There are domestic abuse charities and phone lines for men too so might be worth you or DH giving them a call if DS won’t.

Would a friend of his talk to him?

OneCheeryGoldMoose · 16/12/2025 11:15

Dreamerinme · 16/12/2025 11:13

Have you actually seen her on FaceTime, Zoom, Teams etc? What country does she live in?

There are domestic abuse charities and phone lines for men too so might be worth you or DH giving them a call if DS won’t.
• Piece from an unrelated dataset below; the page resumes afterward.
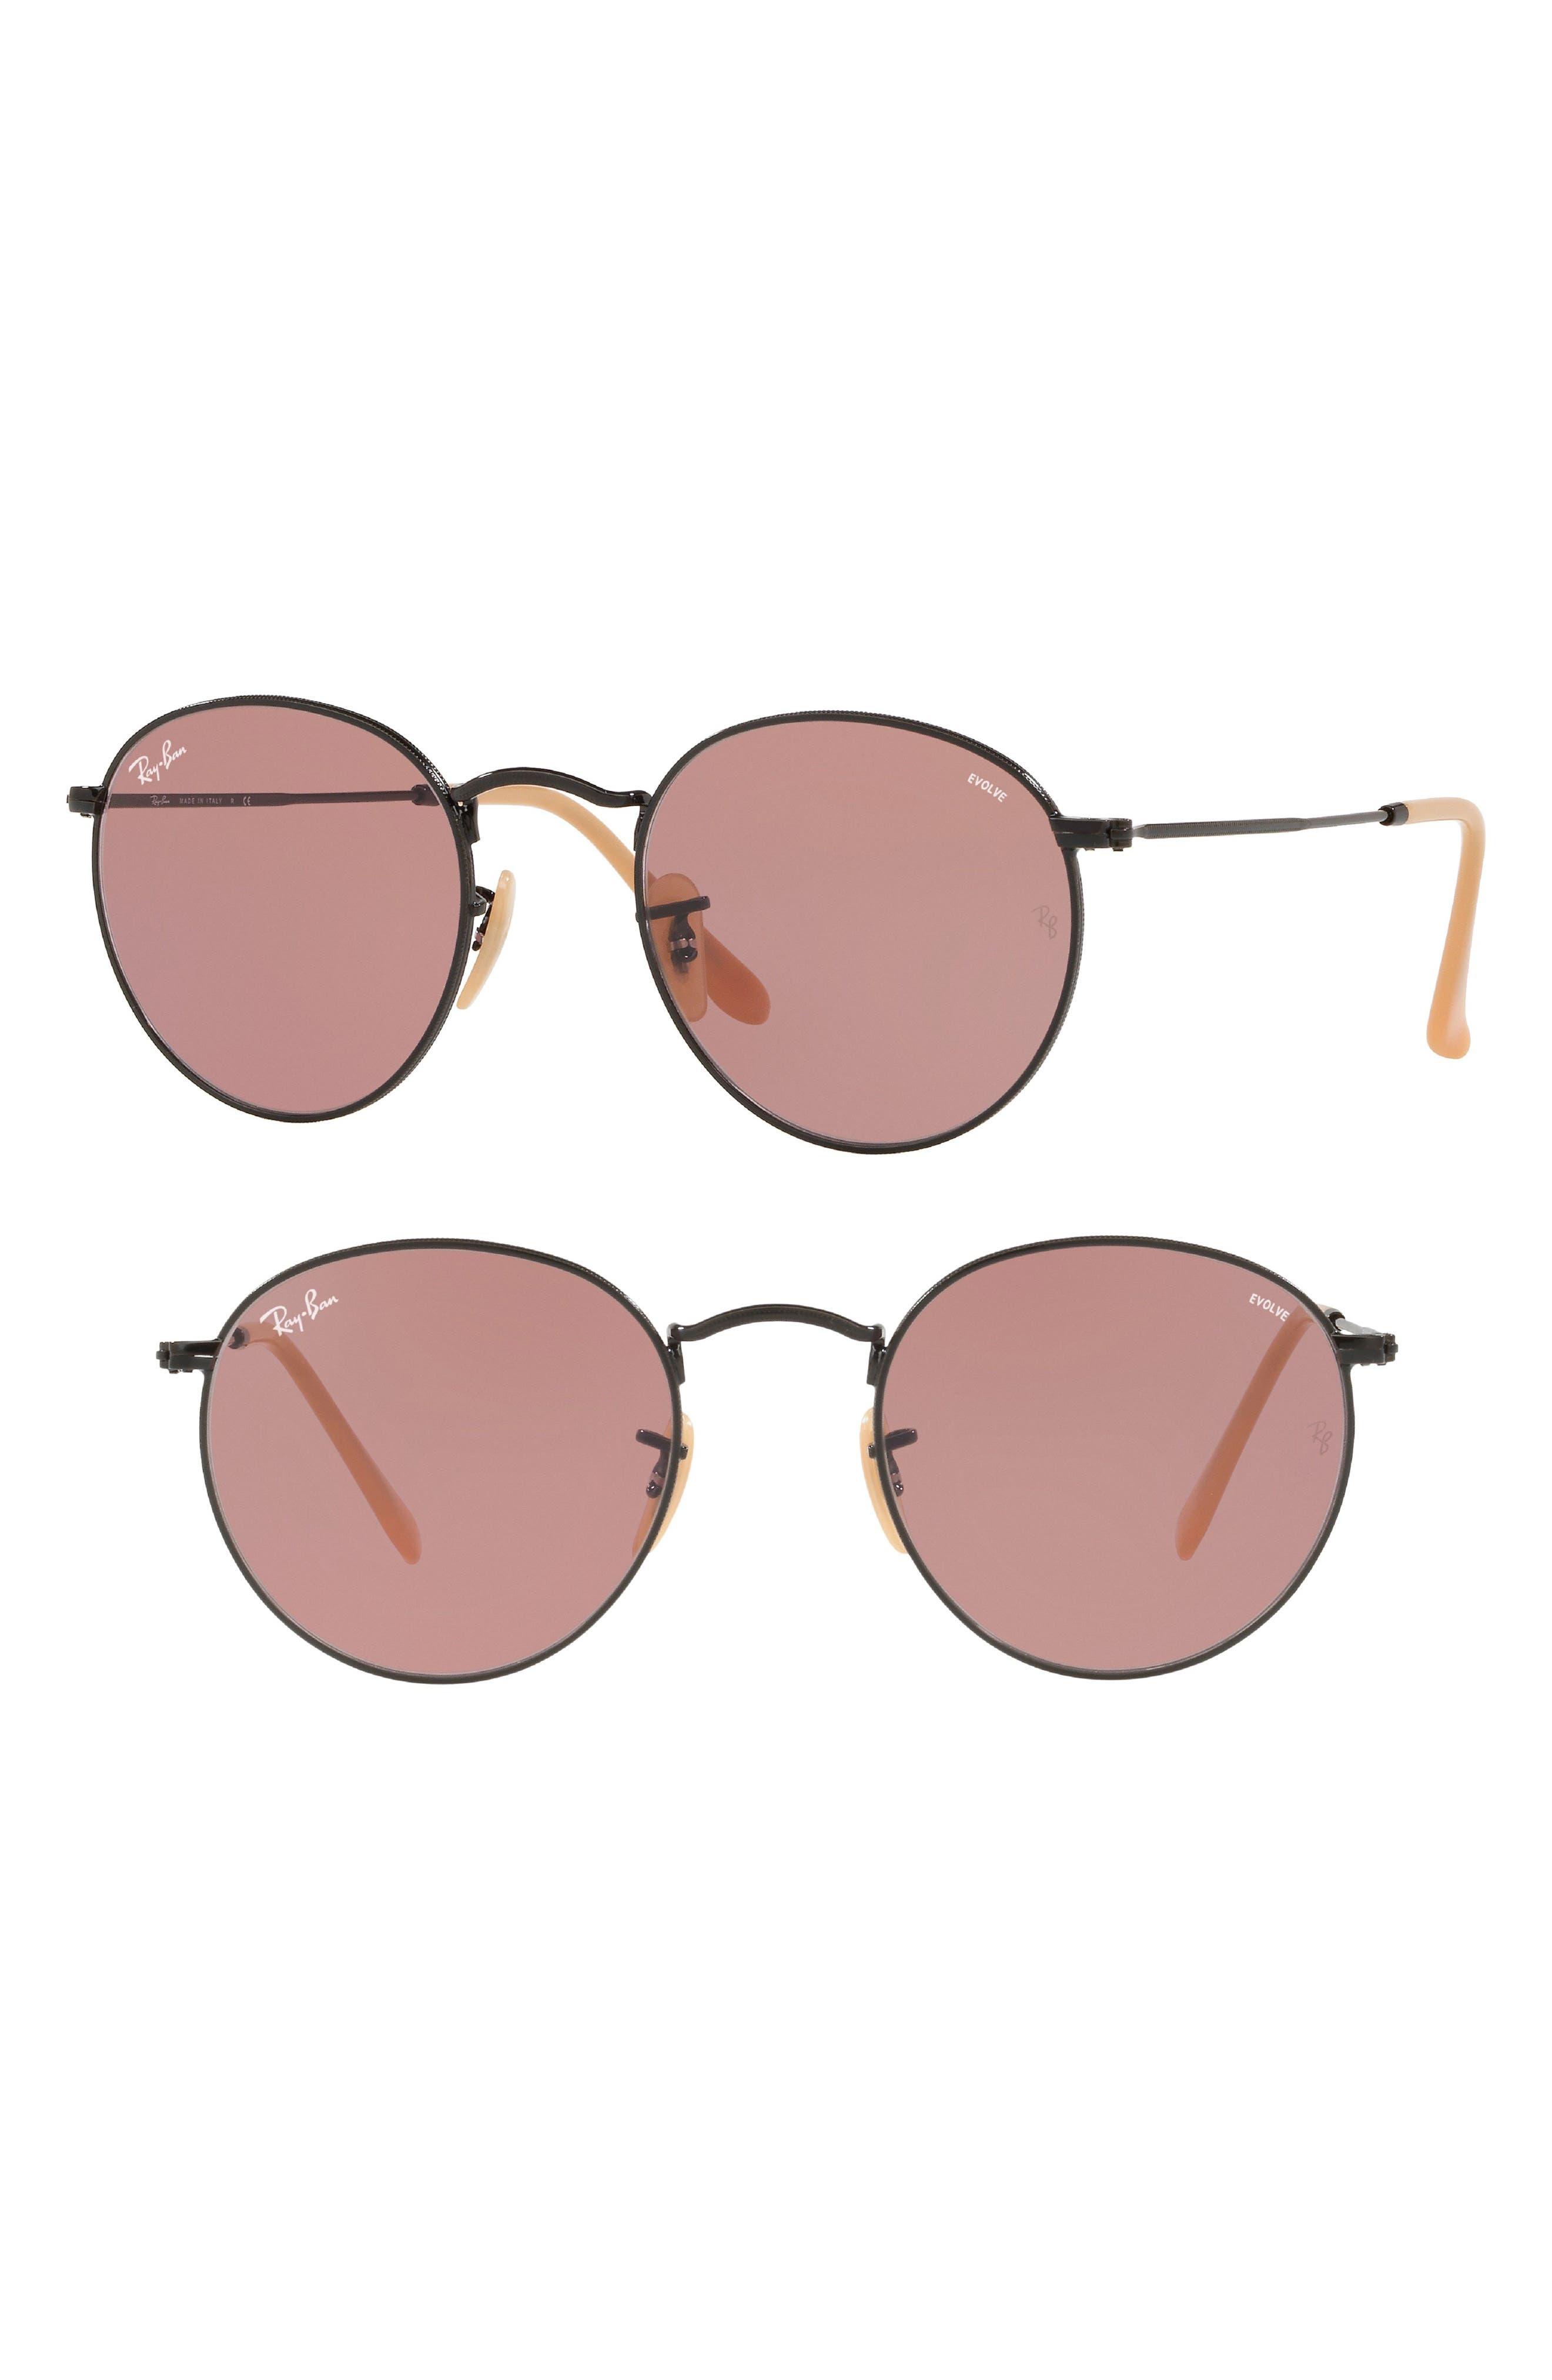 53mm Evolve Photochromic Round Sunglasses,                         Main,                         color, 001

Would a friend of his talk to him?

Yeah we have seen her and my son speaks to her mum when she's around too. She is a very real person, albeit an insane one. She's in America.

His friends tell him she is insane all the time.

OP posts:
NewtonsCradle · 16/12/2025 11:15

The solution is for him to shift his focus to women who are local and available. Criticising the only woman who shows him romantic attention won't work as he has no alternative ATM.

OneCheeryGoldMoose · 16/12/2025 11:17

noidea69 · 16/12/2025 11:12

Obviously telling him not to go/hide passport is the sensible thing to do. She is a lunatic and the brother gun comment is final straw.

But what you really need to go is get him to download tinder/bumble etc and get him to meet someone new. I'm going to guess that this is his first proper "relationship" and he is scared of being on his own.

He keeps saying all the girls on there are just looking for hookups and he wants a proper relationship. He's very much old school like his dad, he wants to find someone and settle down and have kids. We have gone blue in the face telling him there are 100 PERCENT girls like that. He goes to the gym and is conventionally good looking and 6ft and gets lots of attention so we really don't understand.